What is "Caribbean" art? ("Art" in the widest sense, encompassing the visual, the musical, the literary, the performative etc.) Who decides? What should it look like, sound like, feel like? What should it be trying to do? Forty years after the "Independence moment" of the 1950s and 1960s, these are increasingly crucial, troubling, and stimulating questions for artists in the Caribbean, as well as their audiences.

There is a sense in which those artists who were in their prime during this "Independence moment" scripted--and continue to script--the narrative of Caribbean art. They devised the models, they created the mythologies, they cleared spaces, their works and their personas came to define what art in the Caribbean can and ought to be and do. But the Caribbean has changed radically in the last forty years. Are the celebrated models and definitions still relevant? Can they be adapted? Must they be replaced? By whom? For whom?

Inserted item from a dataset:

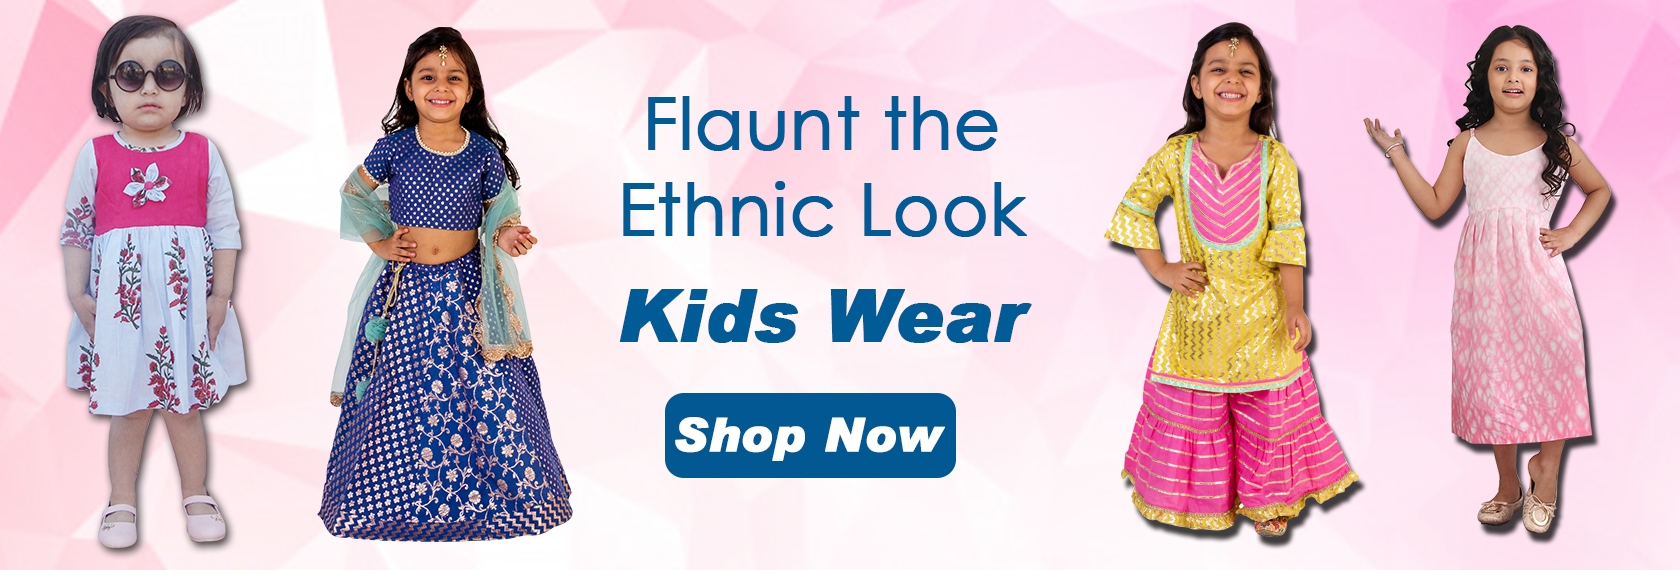 Online shopping kids dresses

These are questions no single person can answer, and the familiar method of making soapbox declarations and issuing manifestos seems to lead to antagonisms and misunderstandings. What we need, perhaps, is to engage more consciously in a process of conversation, where everyone is both a speaker and a listener, where problems and questions are tackled from many directions at once, where above all we pay real attention to each other, make a real attempt to engage in understanding.

The ultimate aim of Galvanize is the establishment of a regular (annual or biennial?) series of arts programmes based in Port of Spain and tackling the above questions and many others by bringing artists, critics, and audiences into fruitful conversations. The presence of several hundred artists and arts administrators in Trinidad in September 2006 for Carifesta IX is the stimulus for starting this project--you could say we've been galvanised into action by the resurrection of Carifesta--but this project is best thought of as an independent effort aimed at addressing precisely those questions that Carifesta, with its "Independence moment" origins, seems blind to.

Galvanise 2006 is a modest effort to get the conversation started--call it a prototype.

Focusing on art in Trinidad and Tobago, to start with, the Galvanise team/collective will coordinate a series of exhibition, performance, and discussion events in which a selected group of artists, writers, musicians, performers, and critics will get the conversation going, with the hope of staging a larger, more ambitious event along similar lines in 2007.